Ancillary data will be written into the first half of the FIFO until it is full or until the
ANC_DATA_SWITCH bit is toggled (i.e. a HIGH-to-LOW or LOW-to-HIGH
transition). If the ANC_DATA_SWITCH bit is not toggled, extracted data will not be
written into memory after the first half of the FIFO is full (see block A in
Figure 3-13).
When the ANC_DATA_SWITCH bit is toggled, new extracted data will be written
to the second half starting at address zero (see block B in Figure 3-13). The data
in the first half of the FIFO may still be read.
Once the data in the first half of the FIFO has been read, the ANC_DATA_SWITCH
may be toggled again to enable the second half of the FIFO to be read. The first
half of the FIFO will be cleared, and the device will continue to write ancillary data
to the second half of the FIFO (see block C in Figure 3-13).
If the ANC_DATA_SWITCH bit is toggled again, new extracted data will be written
to the first half starting at address zero (see block D in Figure 3-13). The data in the
second half of the FIFO may still be read.

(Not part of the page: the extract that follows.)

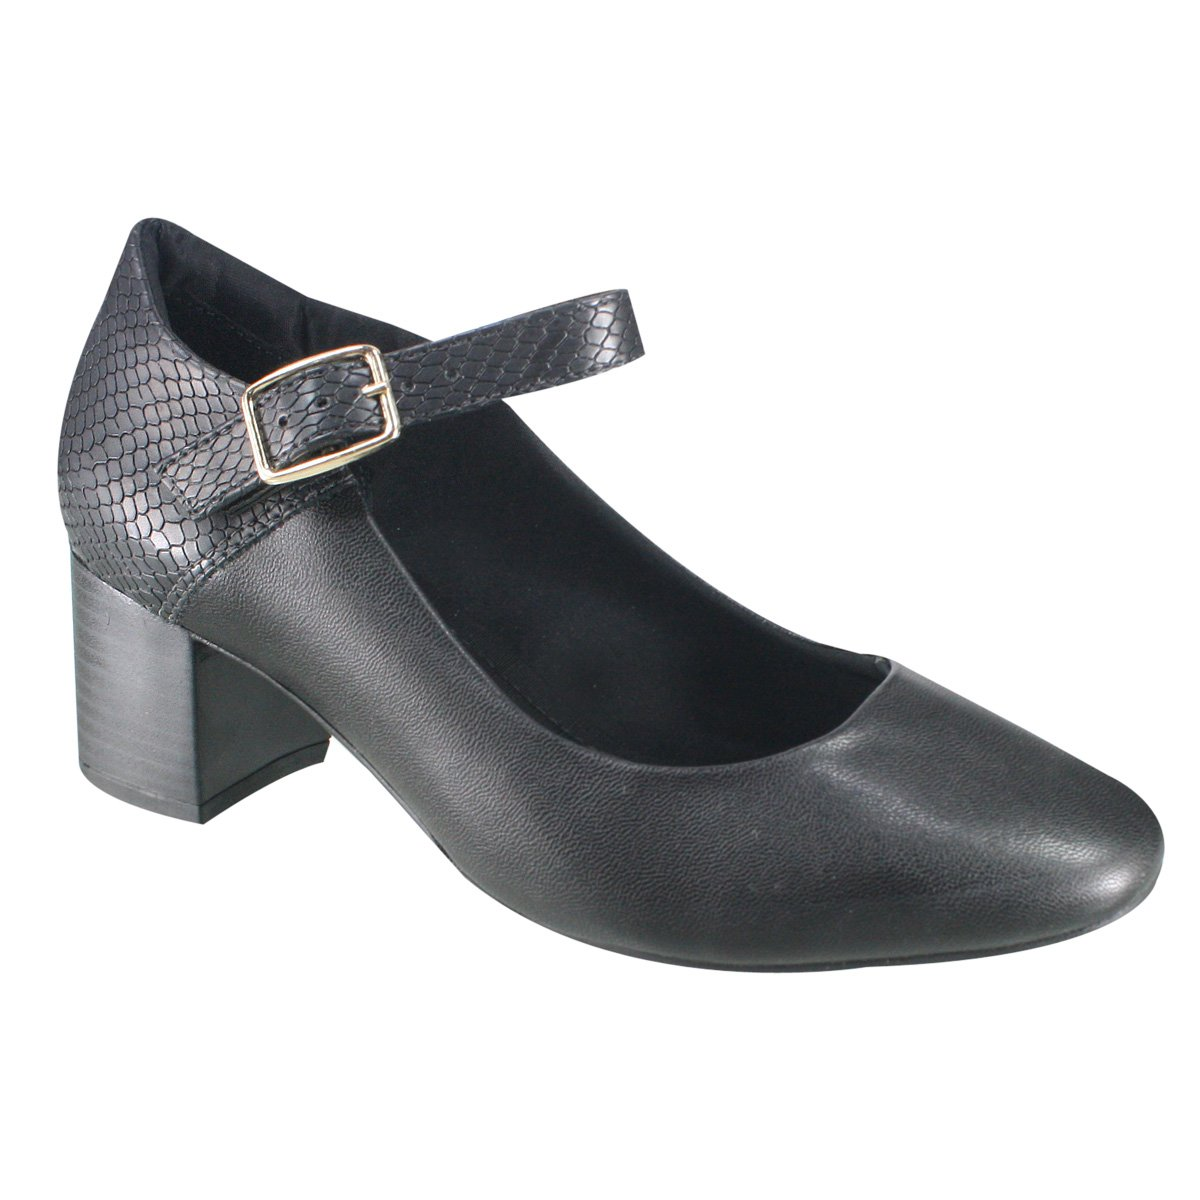 798c9db0f7 Sapato Feminino Ramarim Total Comfort 17-97203 000011 - Preto (Napa ...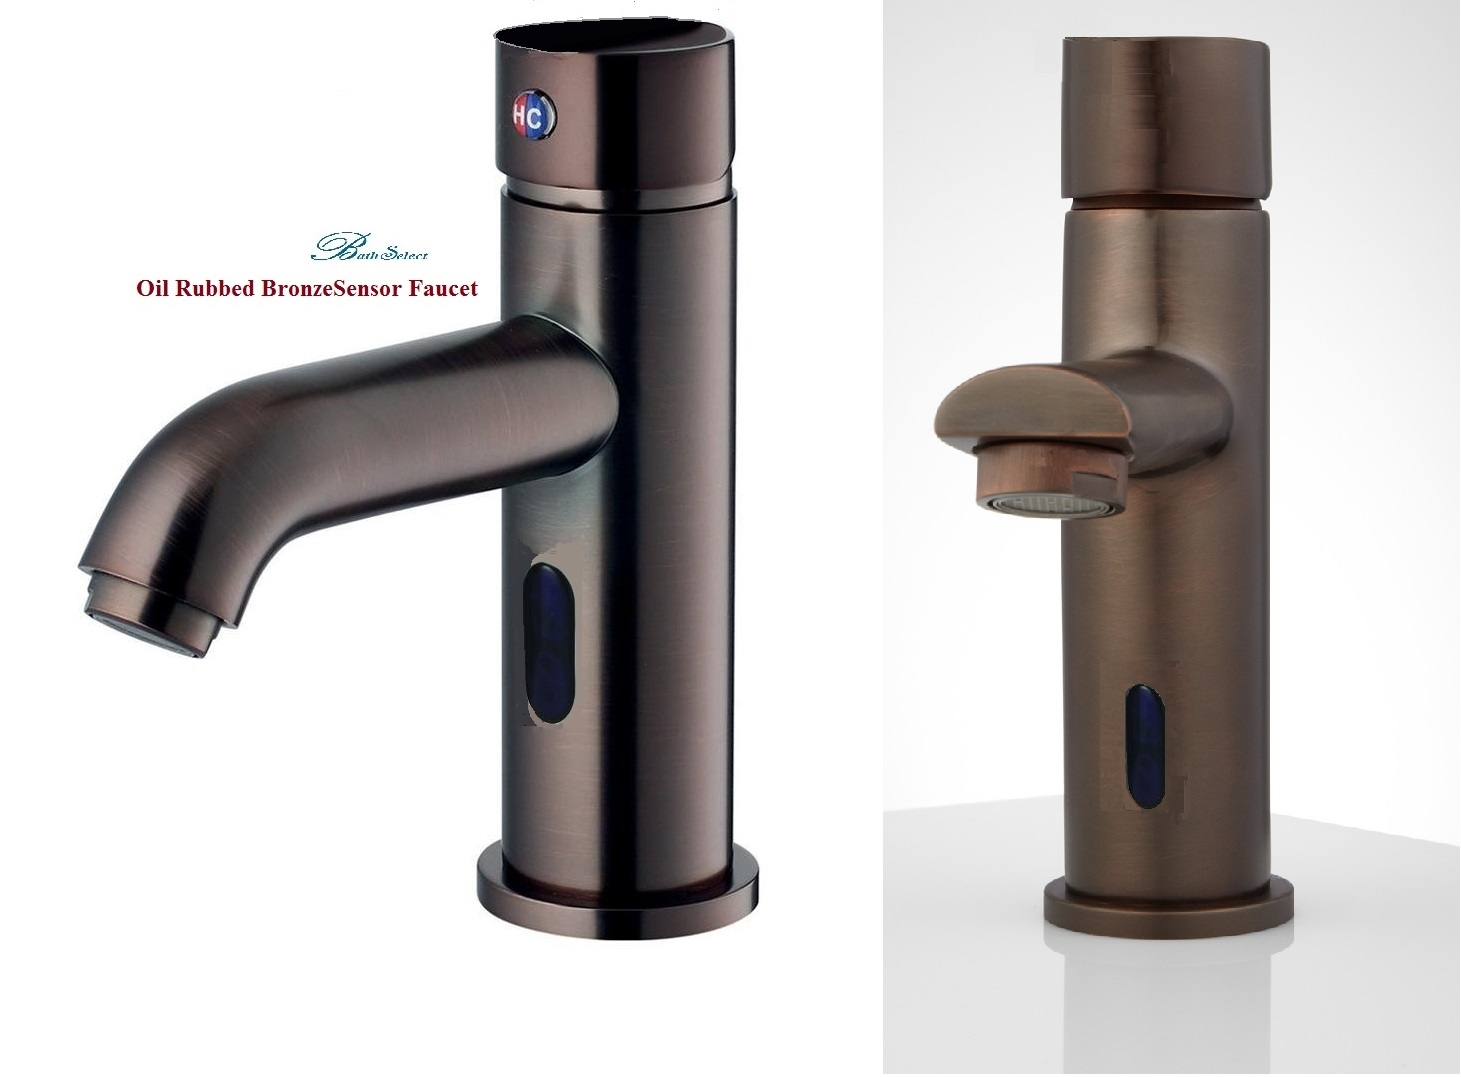 motion sensor bathroom faucet motion sensor bathroom faucet oil rubbed bronze motion sensor faucets 1461 x 1077

Toggling ANC_DATA_SWITCH again will clear the second half of the FIFO and
restore the read and write pointers to the situation shown in block A. The switching
process (shown in blocks A to D in Figure 3-13) will continue with each toggle of
the ANC_DATA_SWITCH bit.
NOTE: At least 1100 PCLK cycles (41us) must pass between toggles of the
ANC_DATA_SWITCH bit. Also, the ANC_DATA_SWITCH bit must be toggled at a
point in the video where no extraction is occurring (i.e. the ANC signal is LOW).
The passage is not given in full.